Write out the data below in full, unchanged, minus the images.

*PROVIDED DATA:*
────────────────────────────────────────

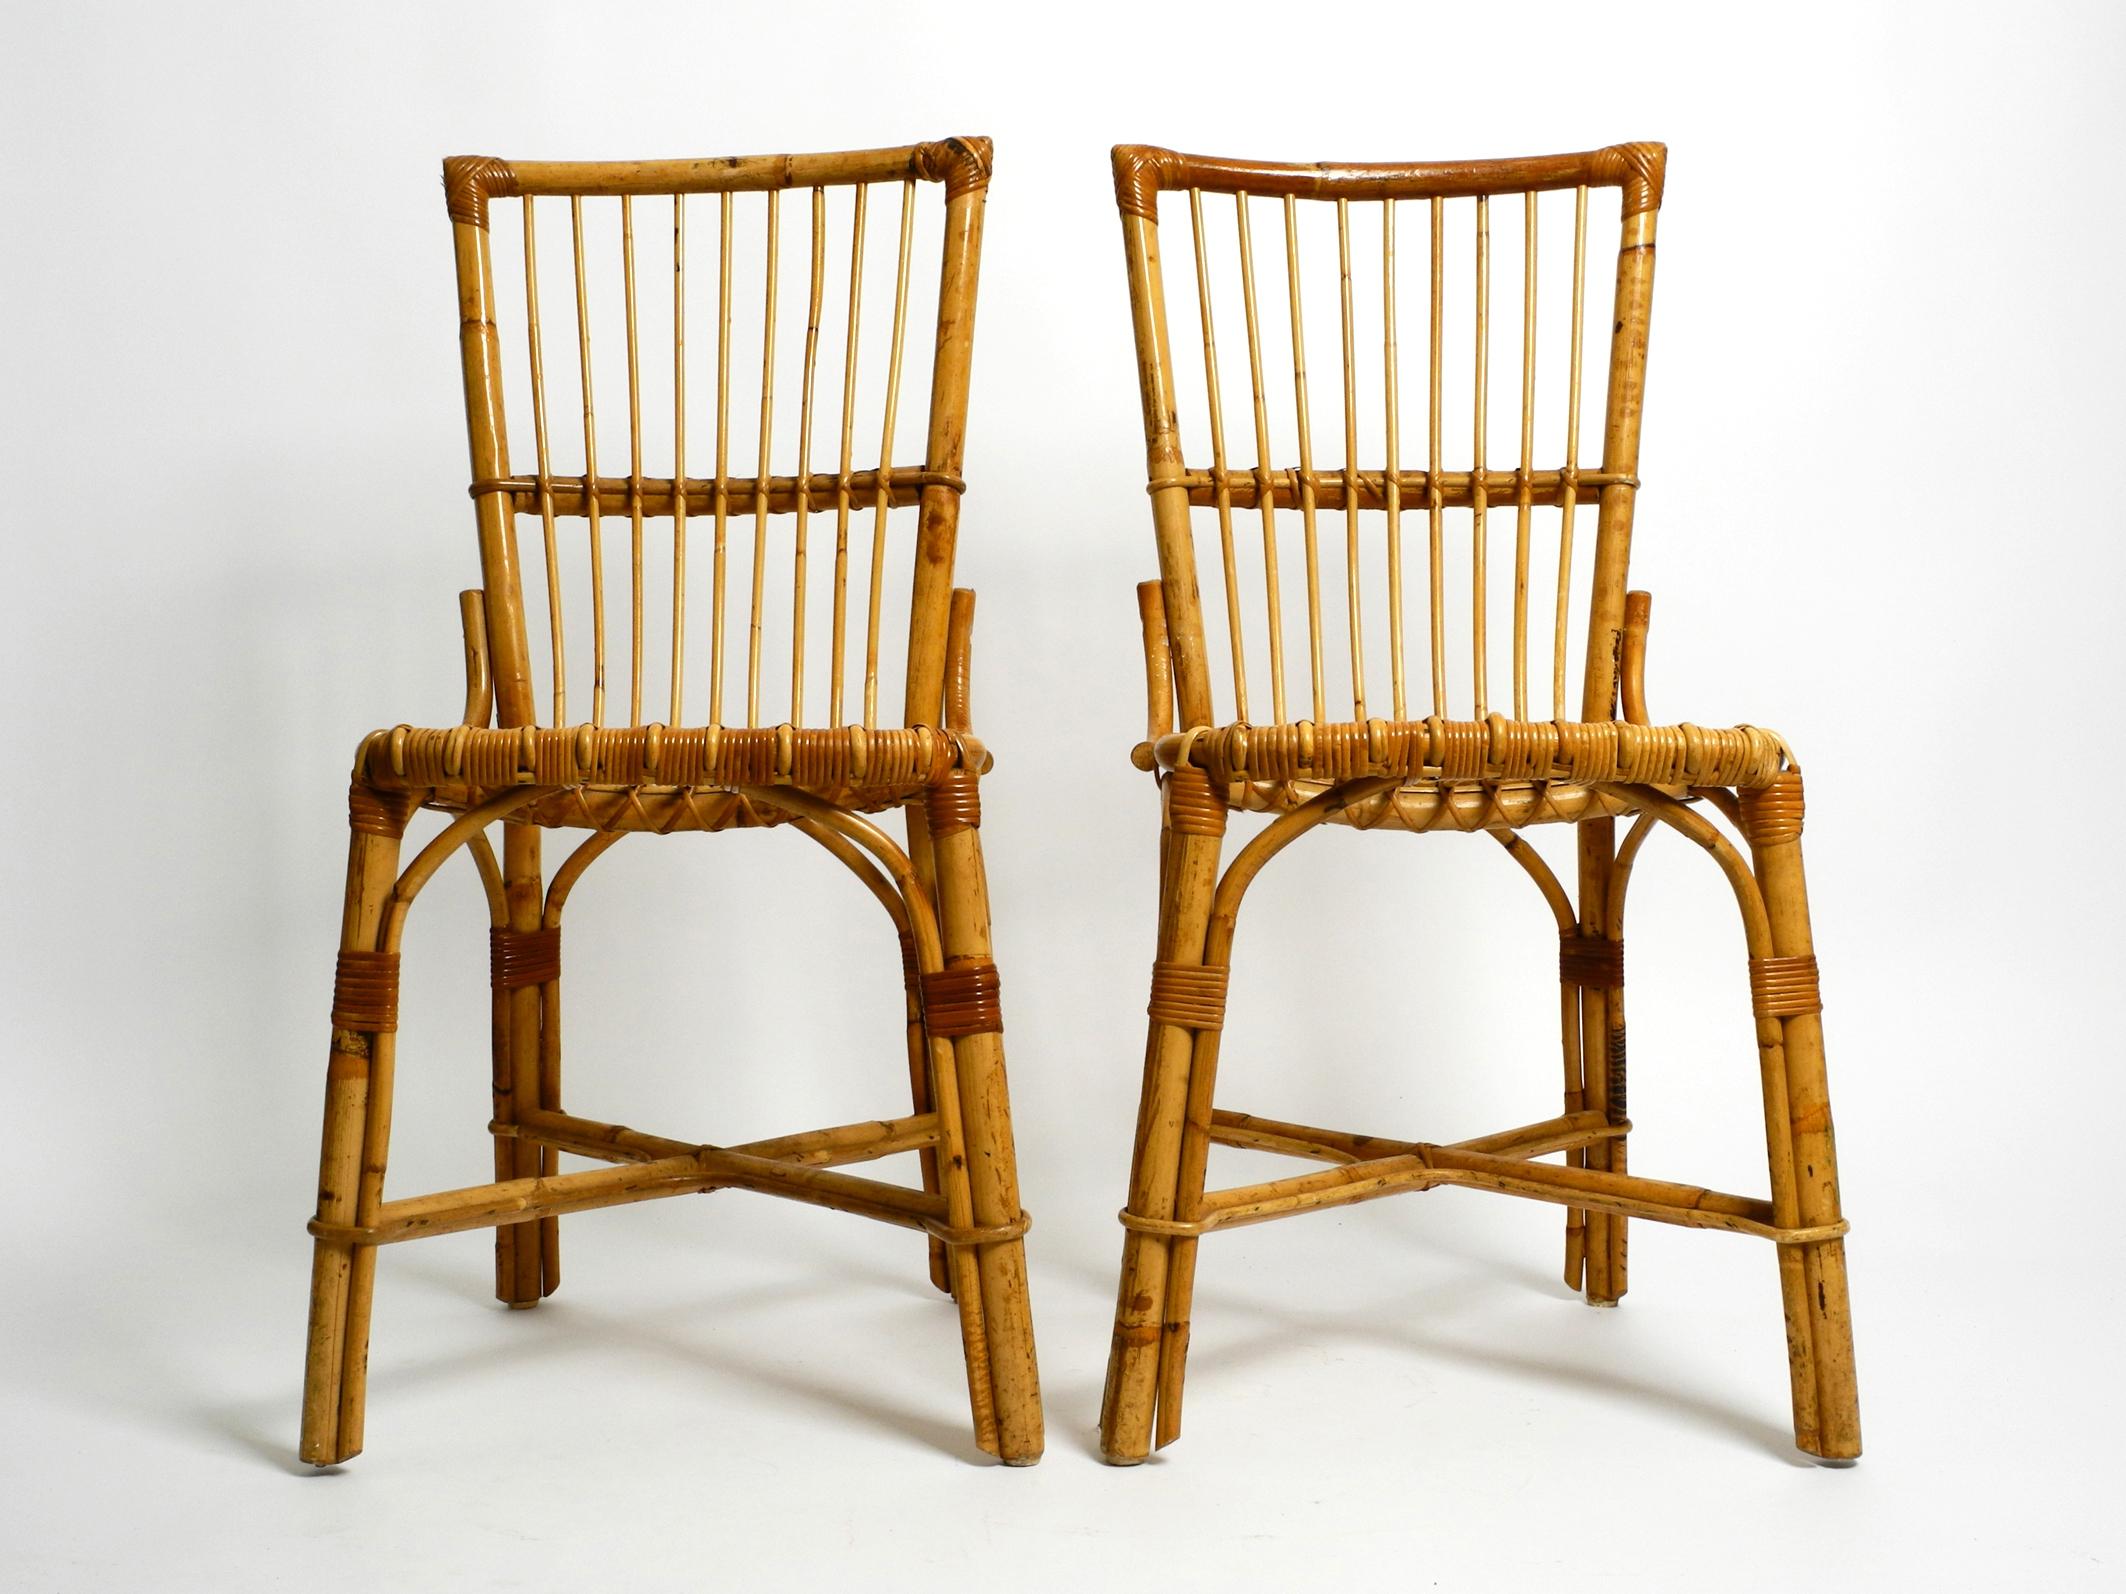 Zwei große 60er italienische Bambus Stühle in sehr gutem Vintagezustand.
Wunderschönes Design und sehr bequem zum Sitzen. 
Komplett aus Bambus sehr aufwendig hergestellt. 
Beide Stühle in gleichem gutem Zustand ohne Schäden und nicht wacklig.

────────────────────────────────────────

*TASK RESULT:*
 Zwei große 60er italienische Bambus Stühle in sehr gutem Vintagezustand.
Wunderschönes Design und sehr bequem zum Sitzen. 
Komplett aus Bambus sehr aufwendig hergestellt. 
Beide Stühle in gleichem gutem Zustand ohne Schäden und nicht wacklig.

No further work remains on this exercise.